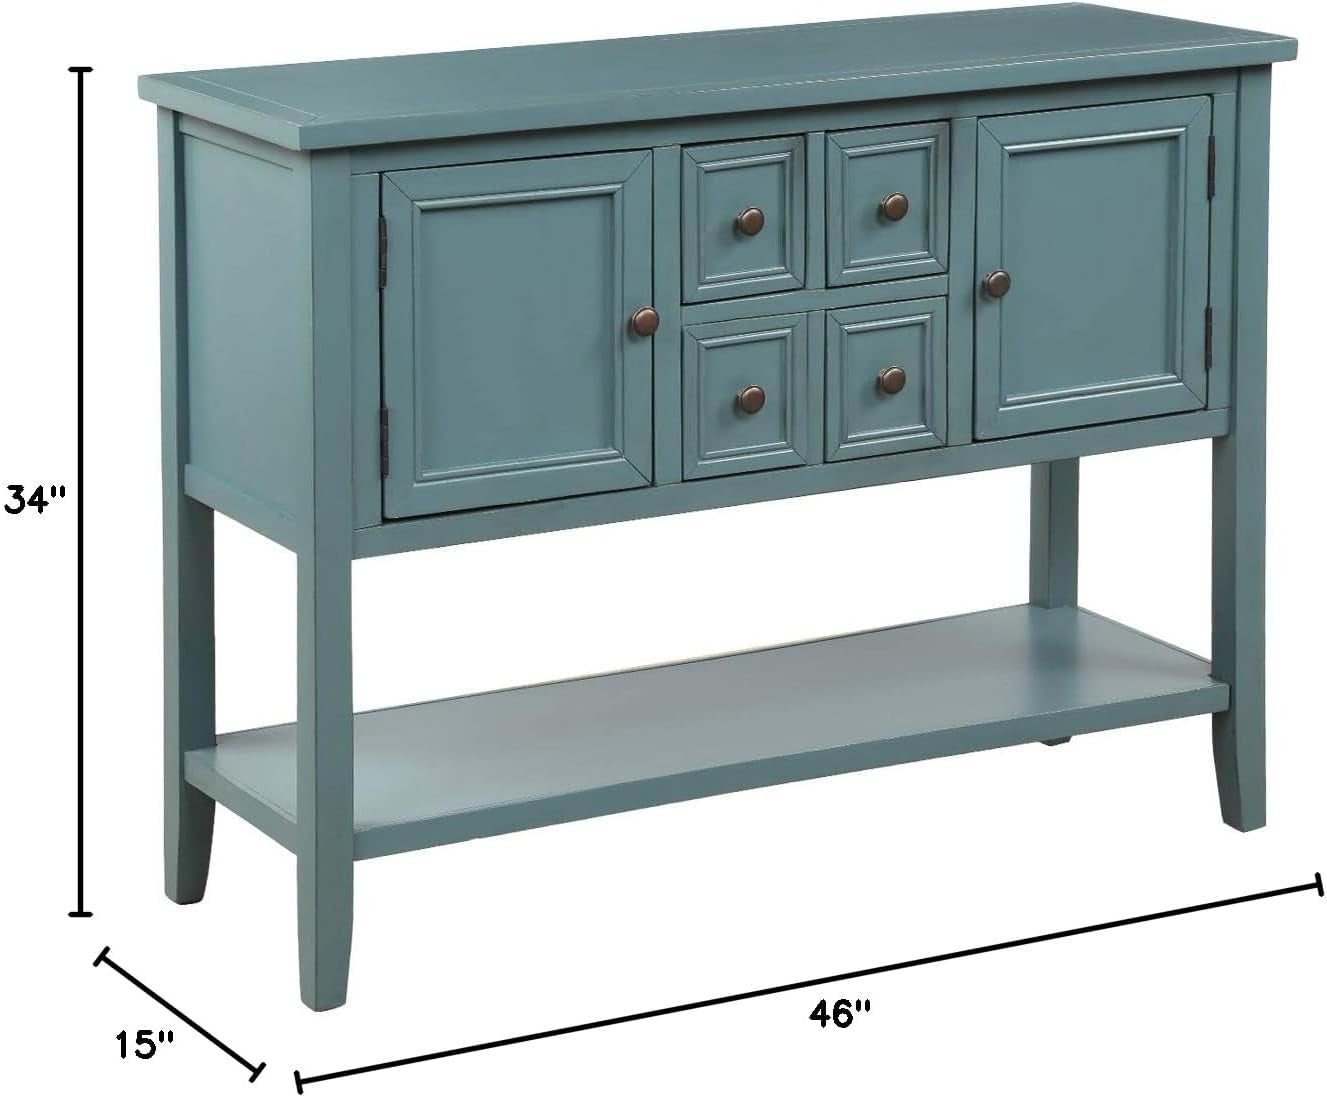 Console Table Sideboard with Storage Drawers and Bottom Shelf for Living Room, Kitchen, Entryway/Hallway, Dark Blue - LynkHouse
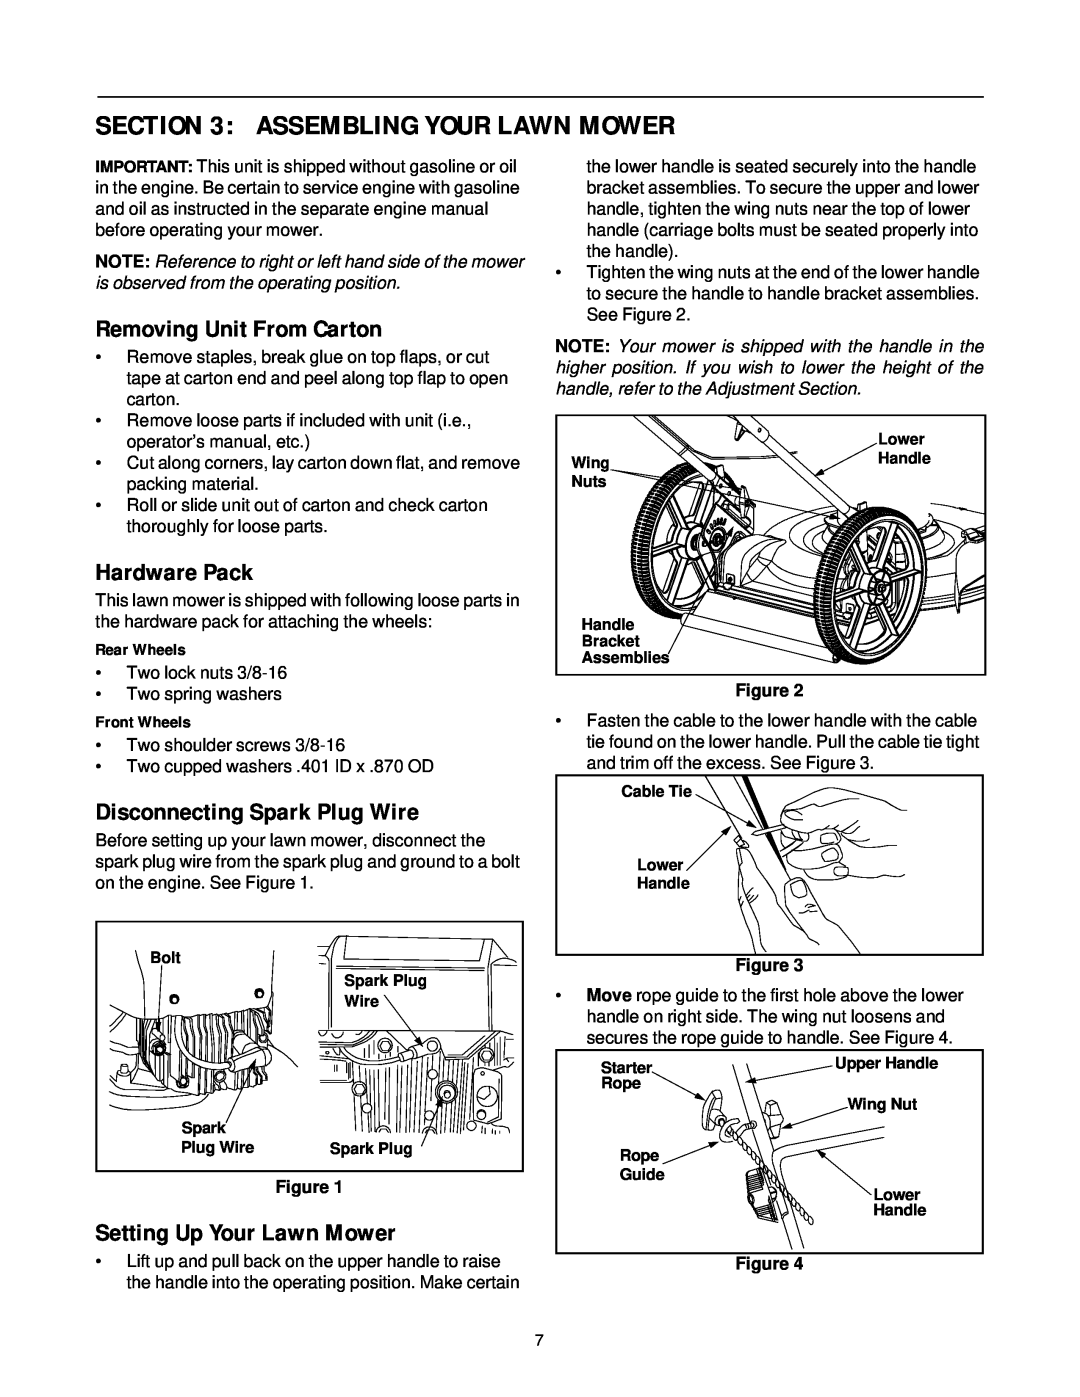 MTD 500 Thru 519 manual Assembling Your Lawn Mower, Removing Unit From Carton, Hardware Pack, Disconnecting Spark Plug Wire 
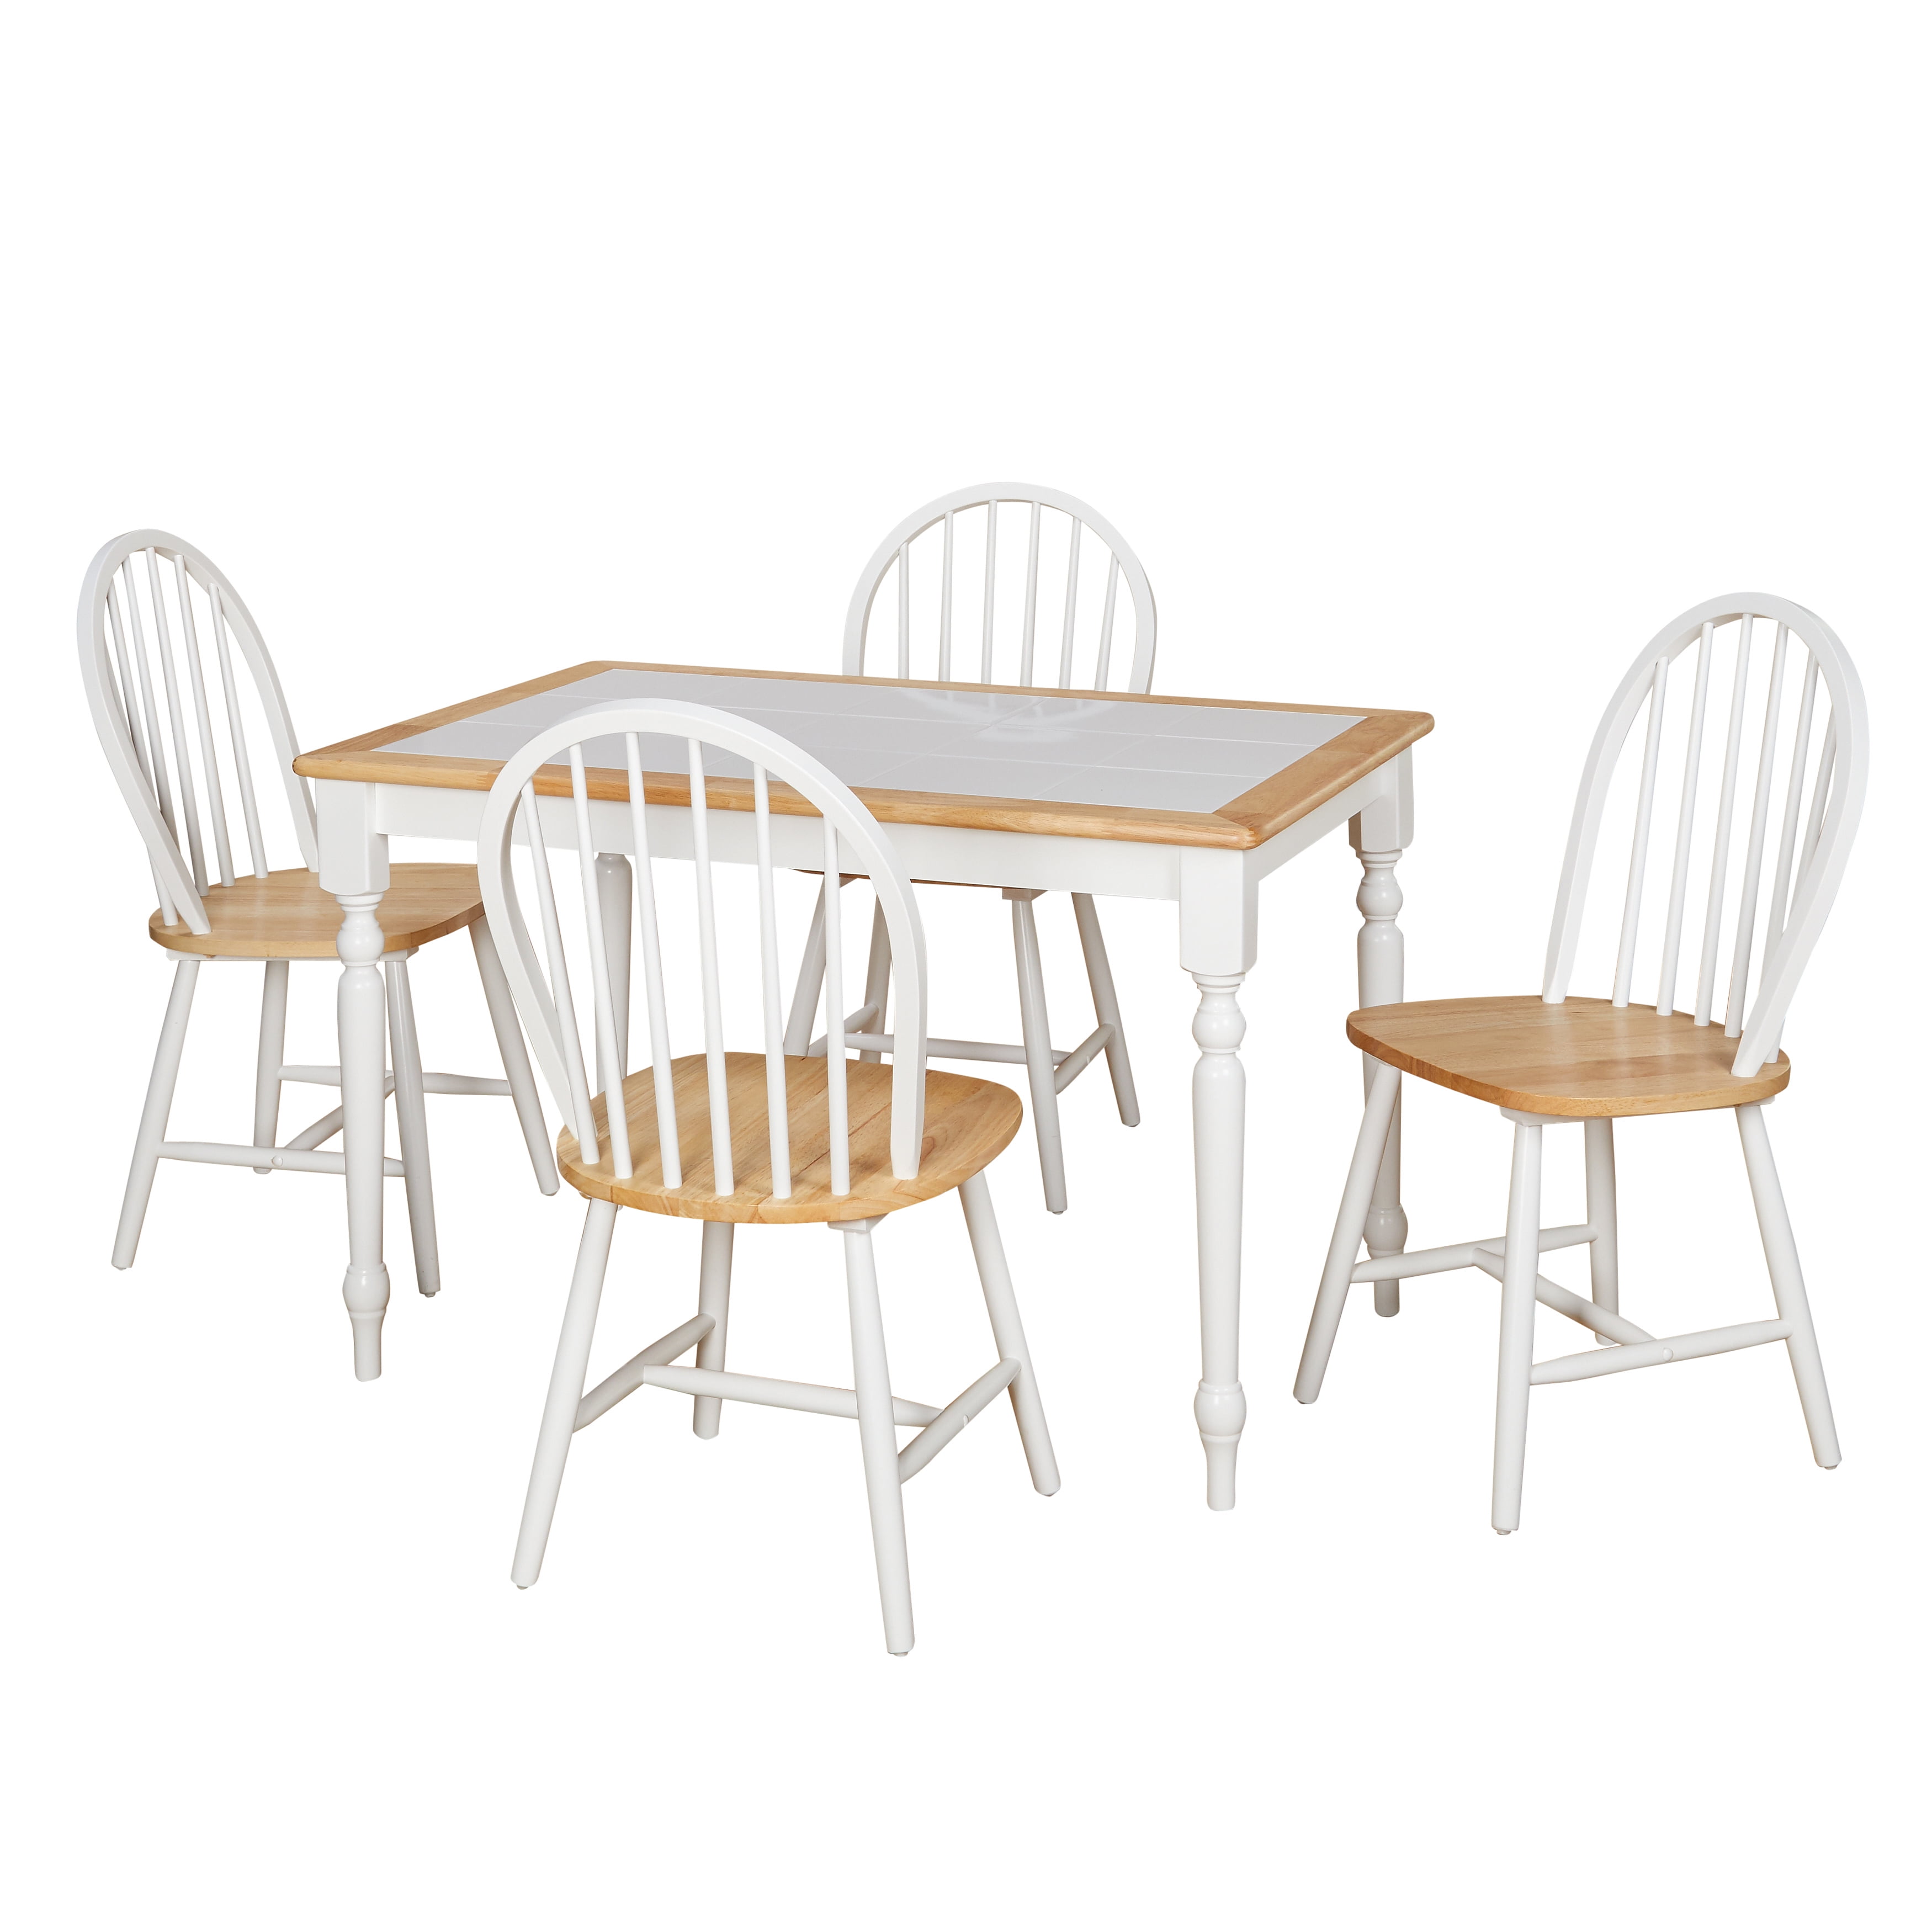 Tara Tile Top Table White Natural, Tile Top Kitchen Table And Chairs
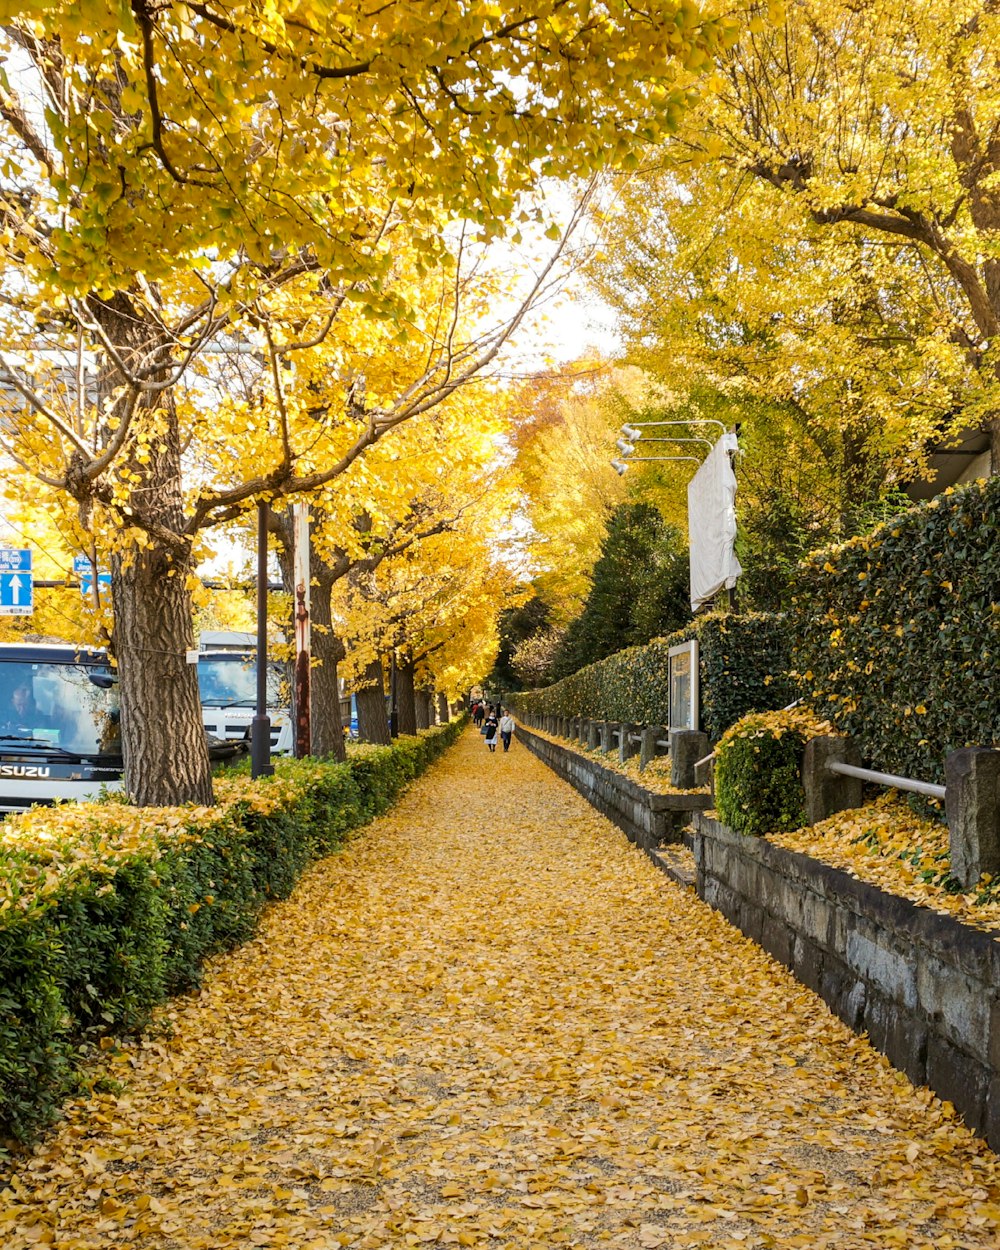 a yellow leaf covered street lined with trees

┄┄┄┄┄┄┄┄┄┄┄┄┄┄┄┄┄┄┄┄

> [Problem details]:
Starting at the line that contains "MTD 500 Thru", write out exactly each line through the last one in the listing above, leaving out the pictures and adding nothing else.

> [Output below]:
 MTD 500 Thru 519 manual Assembling Your Lawn Mower, Removing Unit From Carton, Hardware Pack, Disconnecting Spark Plug Wire 
 Tara Tile Top Table White Natural, Tile Top Kitchen Table And Chairs
 a yellow leaf covered street lined with trees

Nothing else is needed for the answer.